SUPPLIED MATERIAL -
*** Begin section ***

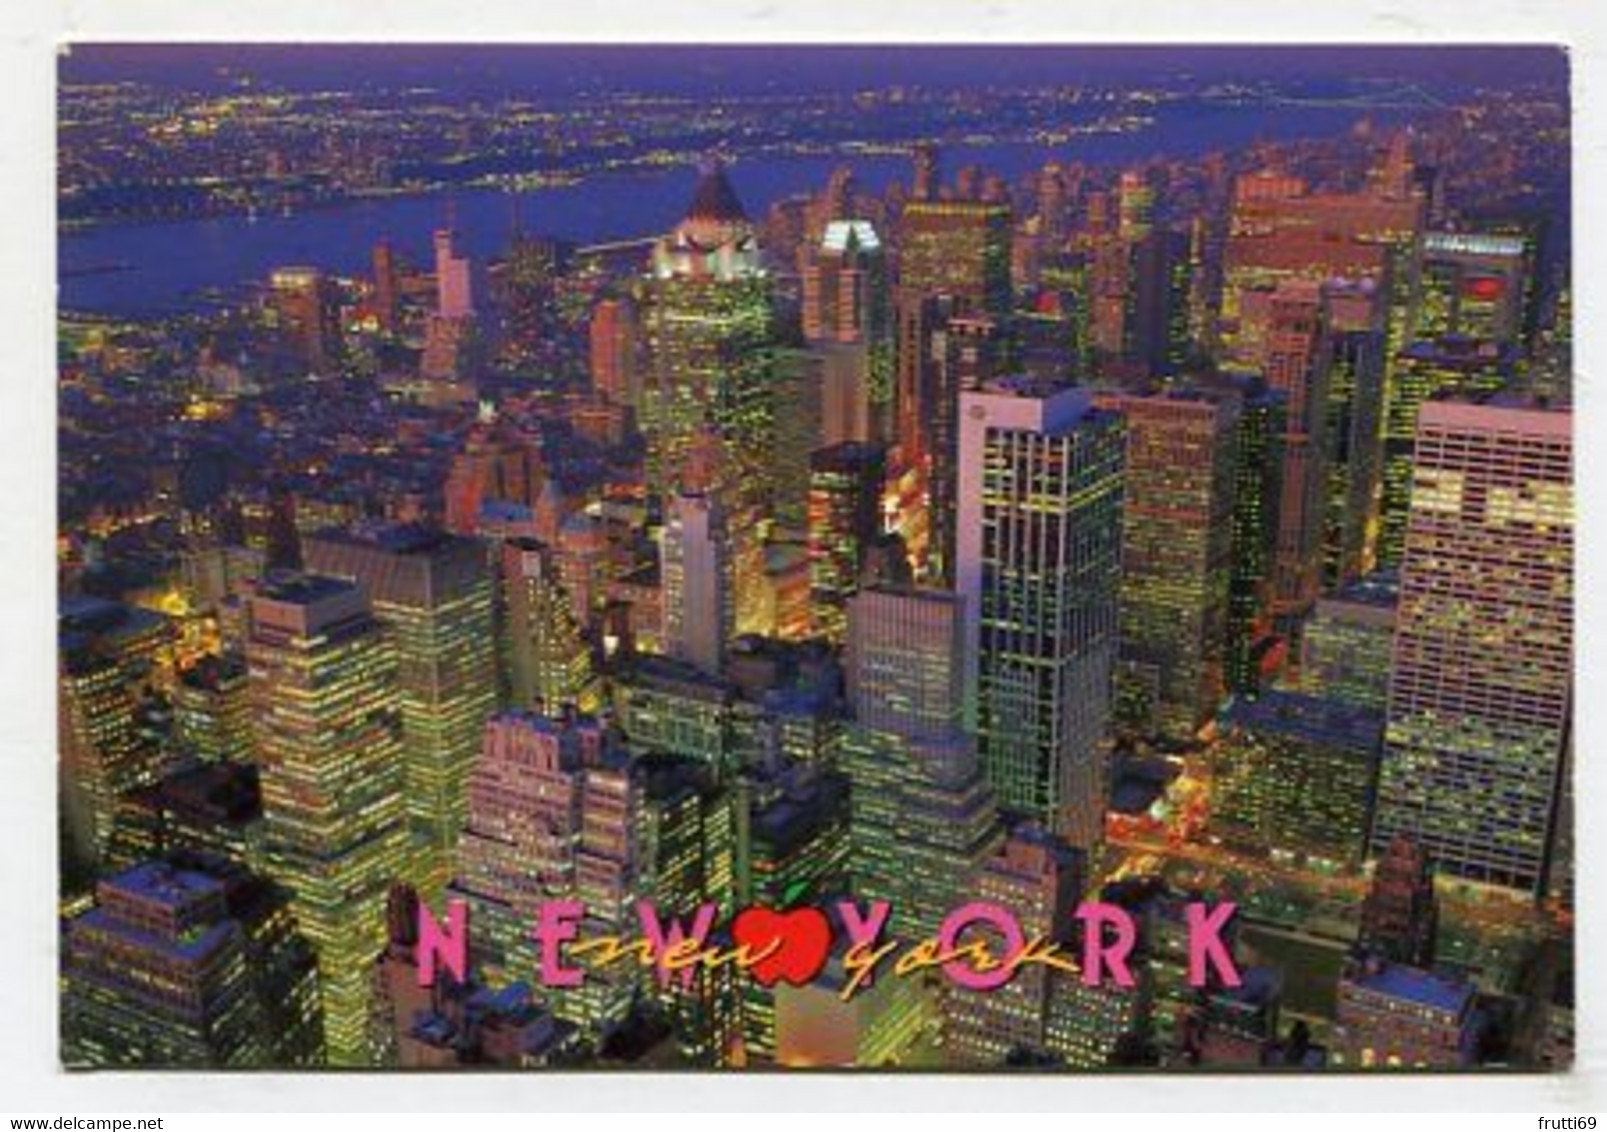 AK 017153 USA - New York City - Panoramic Views
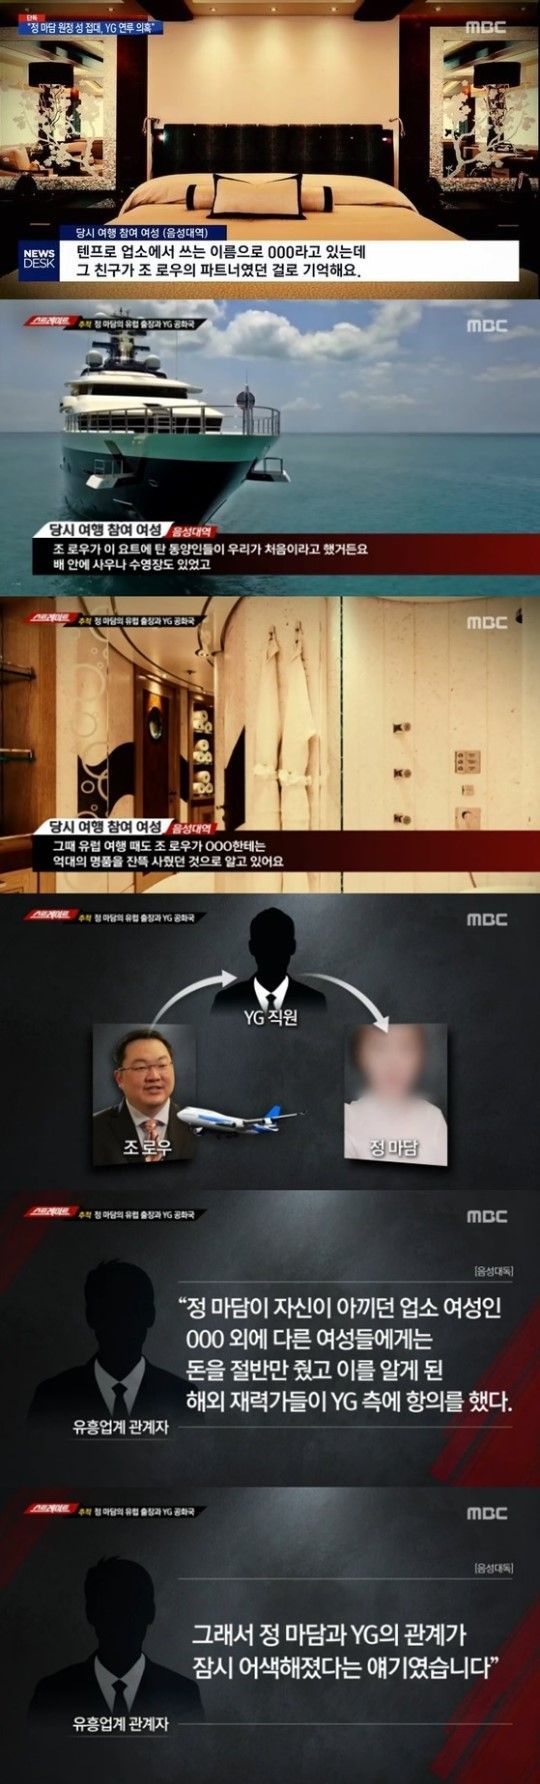 'YG 양현석 성접대 의혹' 말레이시아 출신 재력가 조로우 누구?
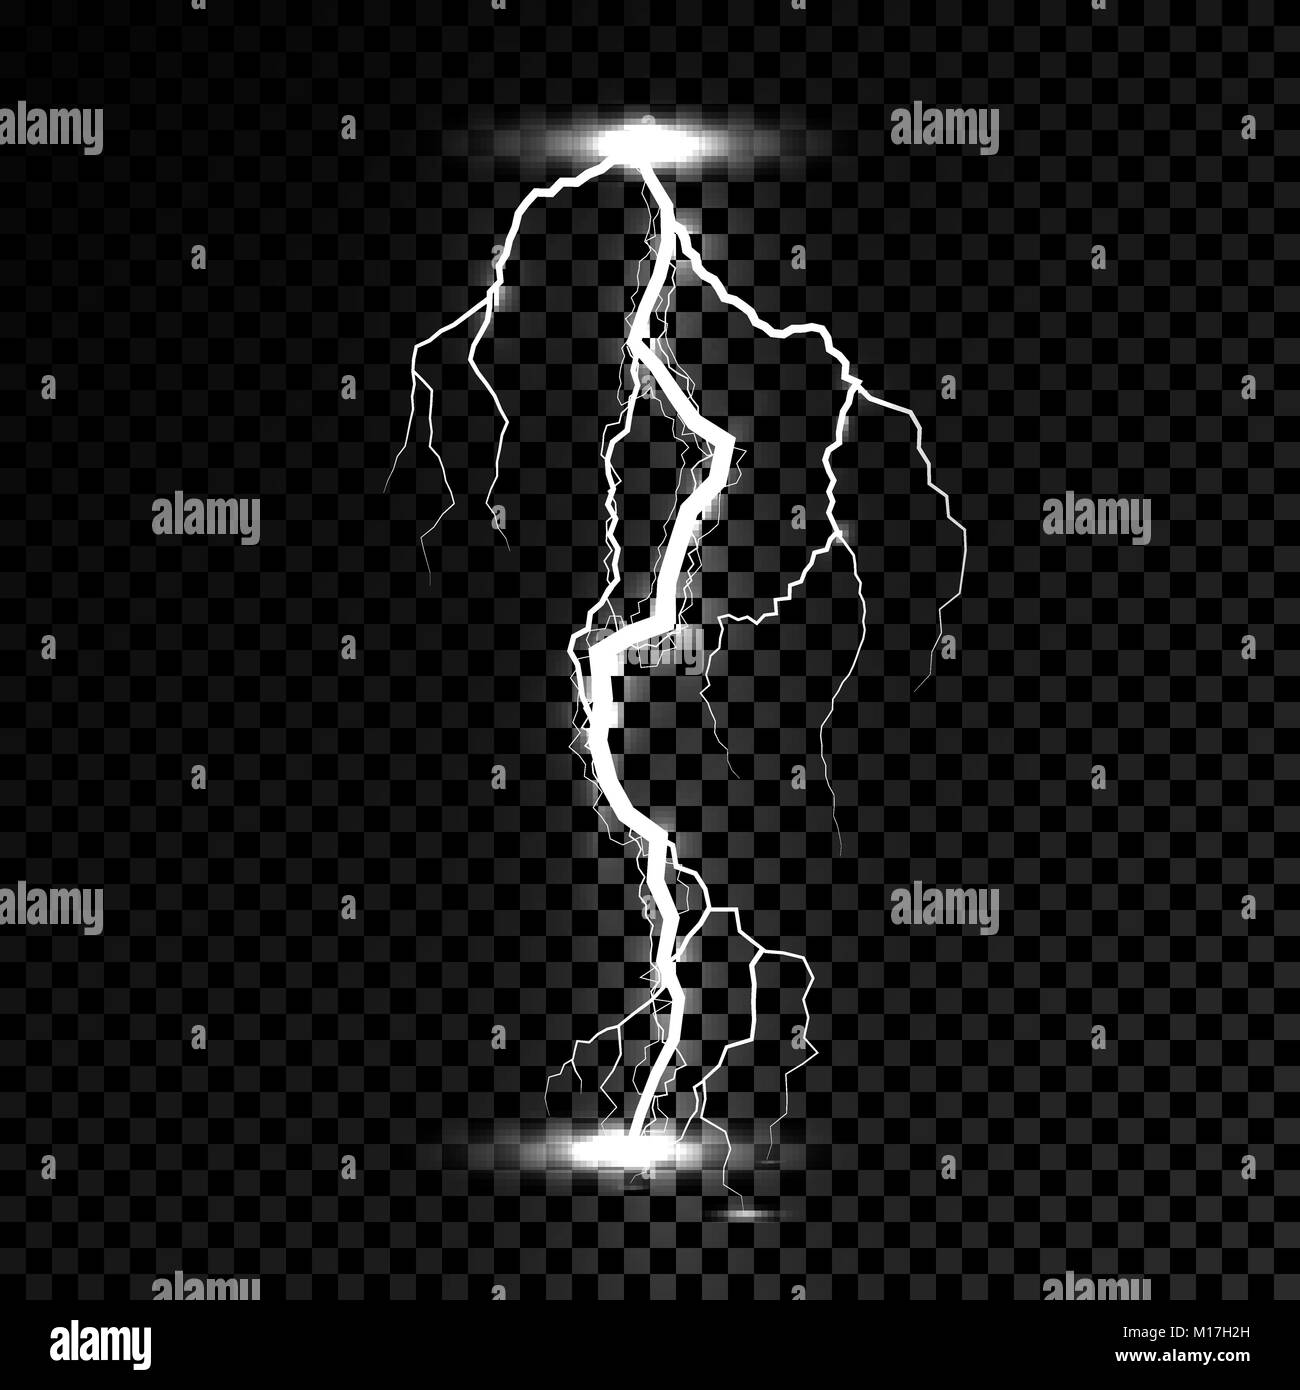 Lampi luce flash thunder scintilla. Vite del vettore di fulmini o elettricità blast storm o Thunderbolt su sfondo trasparente Illustrazione Vettoriale

*** End section ***

WORK TO BE COMPLETED -
Copy the listing in full and without alteration, omitting every picture.

EXERCISE RESULT -
 AK 017153 USA - New York City - Panoramic Views
 'YG 양현석 성접대 의혹' 말레이시아 출신 재력가 조로우 누구?
 Lampi luce flash thunder scintilla. Vite del vettore di fulmini o elettricità blast storm o Thunderbolt su sfondo trasparente Illustrazione Vettoriale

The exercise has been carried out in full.